Mowgli man Ho Van Lang, 41, was welcomed to modern society in 2013 after spending four decades growing up in the jungle. His first moments were priceless.

Alvaro Cerezo, managing director of Docastaway, which provides tours to remote, uninhabited areas of the world, visited the man in Vietnam and was fortunate to accompany him during his early days of exploring civilization.

In 1972, when the vicious war was raging, the Thanh family were killed by bombs from the United States. The surviving father, Ho Van Thanh, carried his two-year-old son, Ho Van Lang, and fled to the jungle. 

When the local authorities found them, both thought the war was still raging, and the world came to learn of how pure and pristine nature can preserve human life.

“His primitive form of life doesn’t just take us directly to the Neolithic Age but, due to the isolation he suffered from birth, it also leads us to better understand the true essence of ‘man,'” Cerezo said in a blog.

Lang came to explore the manifestation of a modernized community outside of the woods.

He told Cerezo he enjoyed his first ride ever when the authorities drove them back from the jungle. He was so impressed with the city’s night lights and fascinated by humans sustaining friendships with animals that would usually run away from the sight of him in nature.
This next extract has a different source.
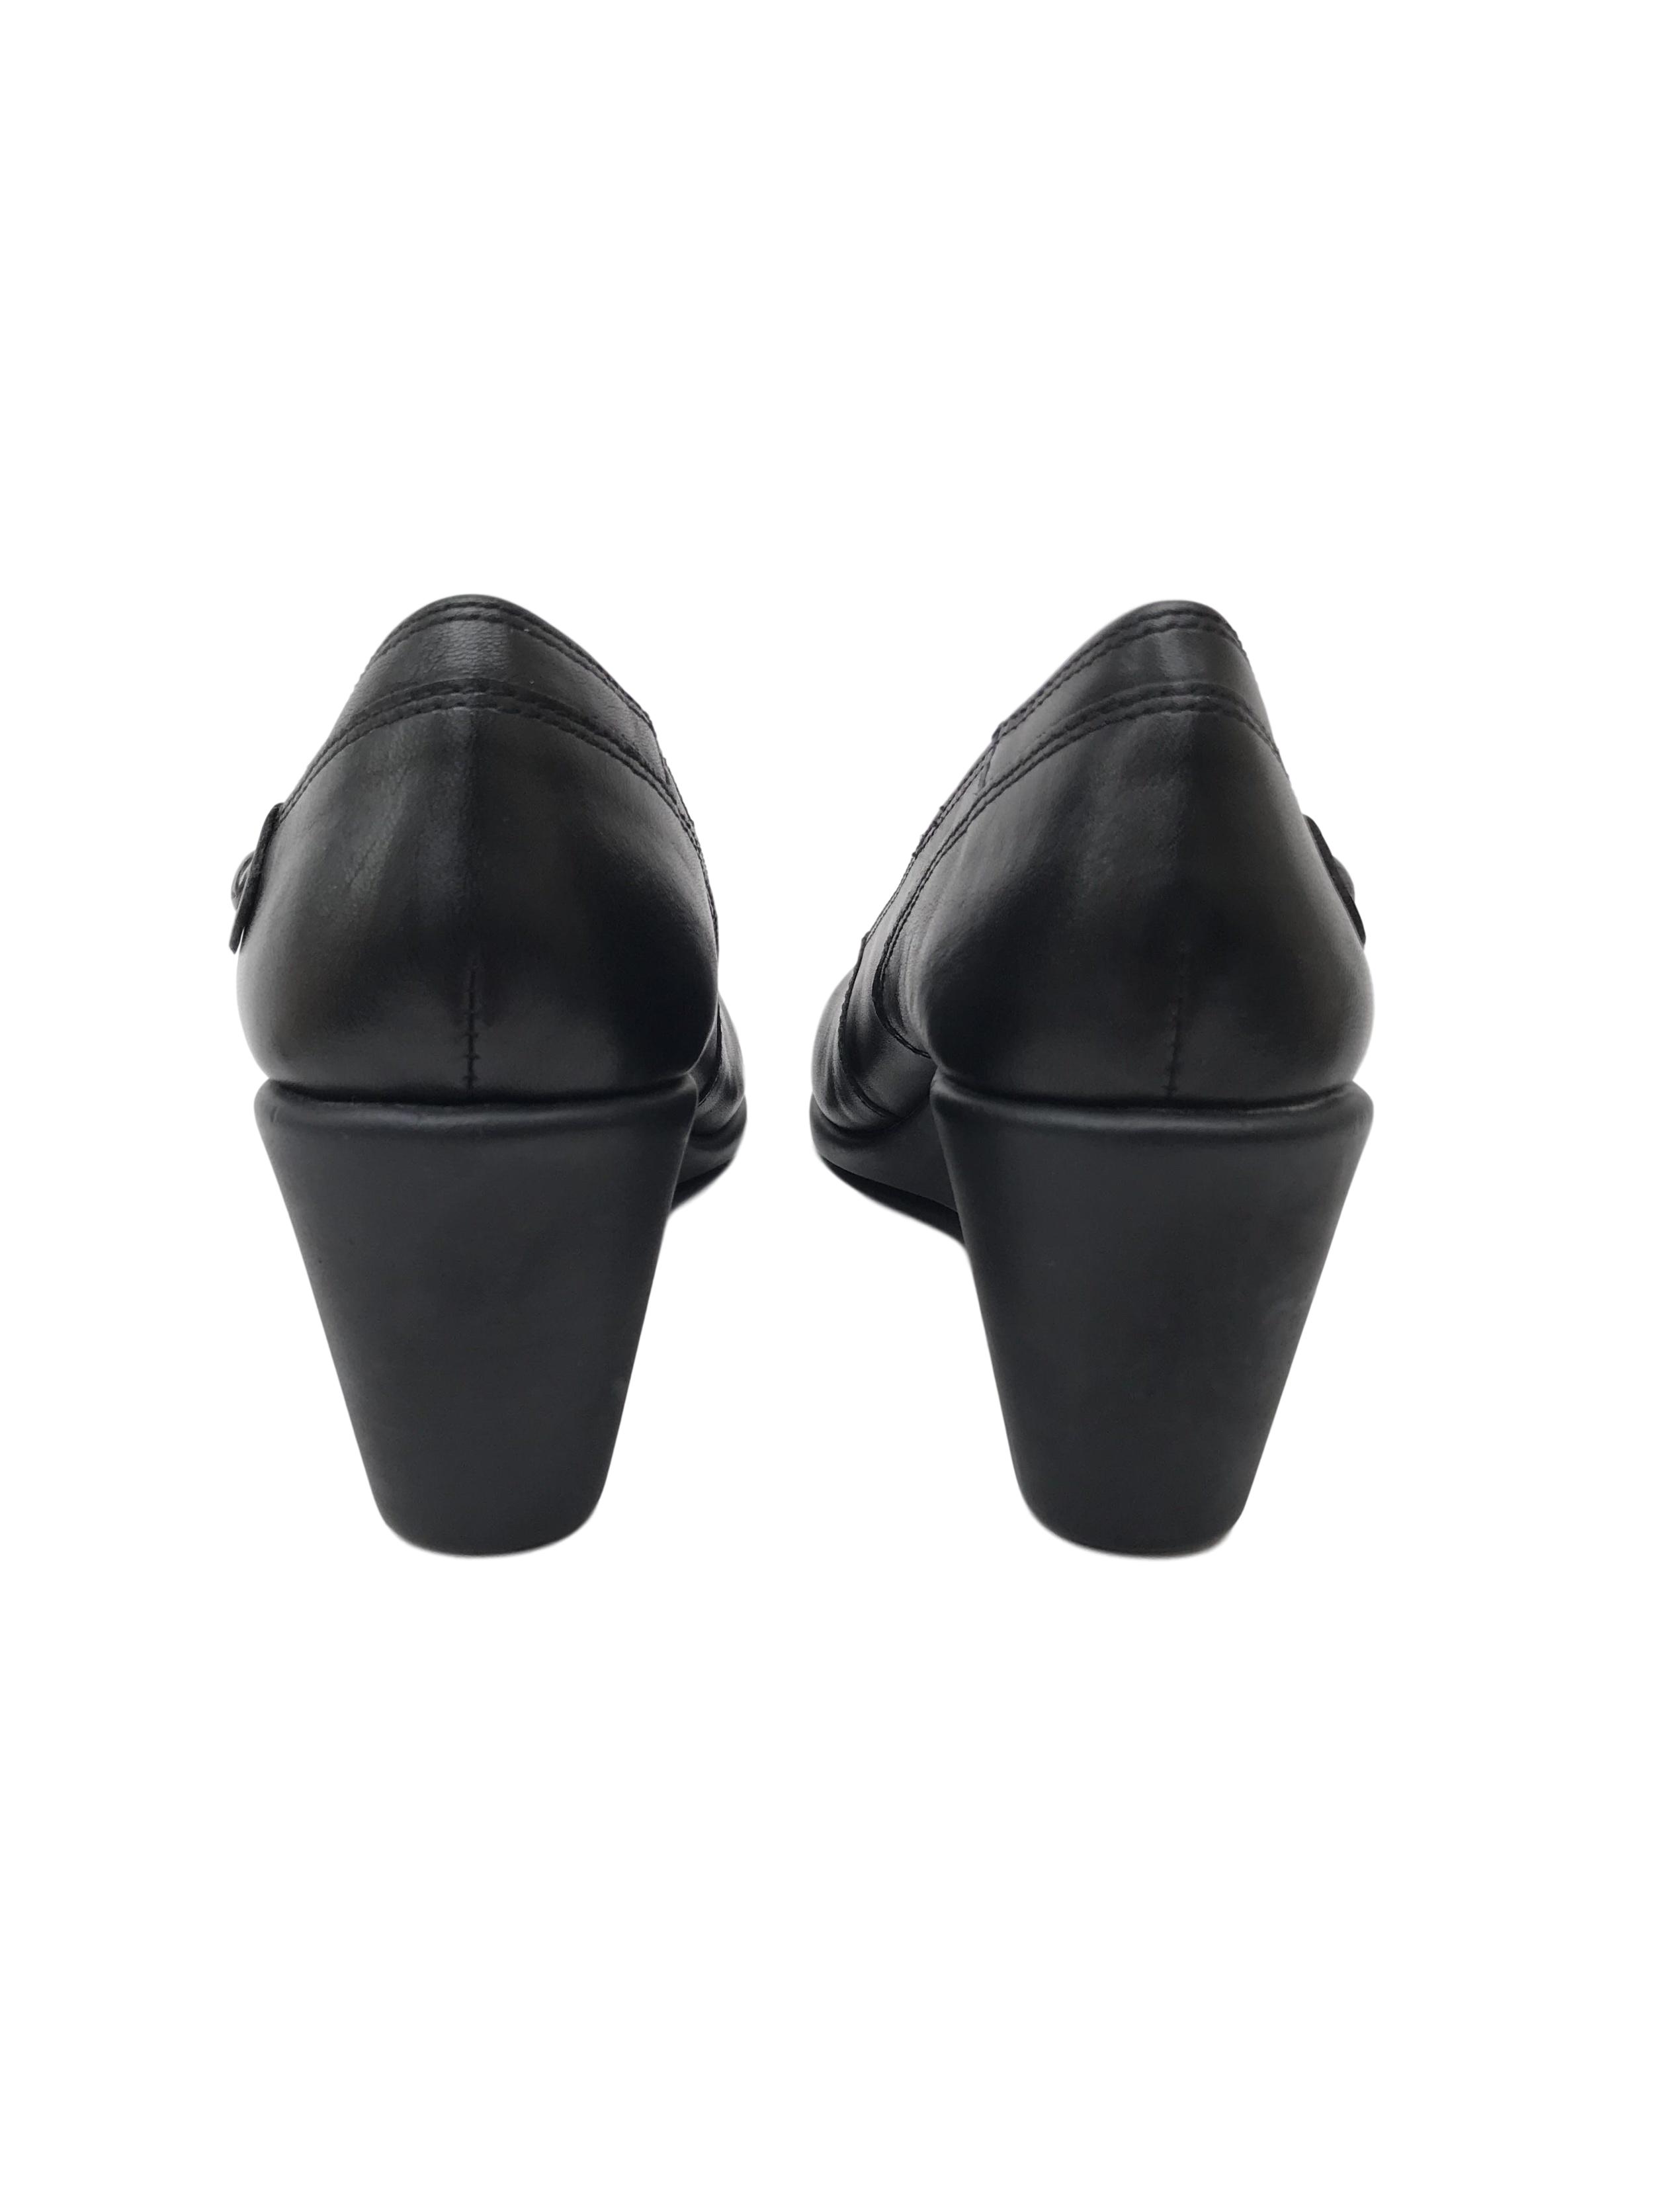 Zapatos Hush Puppies de cuero negro, taco cuña 7cm, comfort flex. Estado 9/10. Precio original S/ 250

Cerezo’s document also showed an elated Lang when he saw the sea for the first time. When he sat on the plane, he was completely caught up with the sky and the clouds floating outside the window.

The first days of returning to society were not easy for Lang and his father. They were immediately struck by viruses and bacteria the jungle did not host.

But as Vietnamese paper Nguoi Lao Dong reported, Lang quickly blended in and loved living with his brother, Nguyen Van Tri, with whom he and his father were reunited.

The elder jungle man died several years later.

As Tri told the paper, Mr. Thanh missed the woods so much that he once built a forest shelter similar to the one he lived in with his son. Once, he asked Lang to come back to nature in the forest, saying the atmosphere of the modern world was too “toxic.”

Lang, however, made an earning by returning to his beloved forest every morning to gather plants like orchids, catch animals and collect other sellable items. It was enough money to sustain life adequately.

Unfortunately, Lang followed died this September after a year of fighting liver cancer.

“I’m so sad to see him go, but for me his passing is also a liberation because I know he was suffering in the last months,” Cerezo said, per the Daily Mail.

“He was a beautiful human being, to forget him will be impossible, I will miss him everyday,” he added.

Cerezo posted footage of Lang touring the modern world on Oct. 4, paying tribute to the lovely Mowgli man.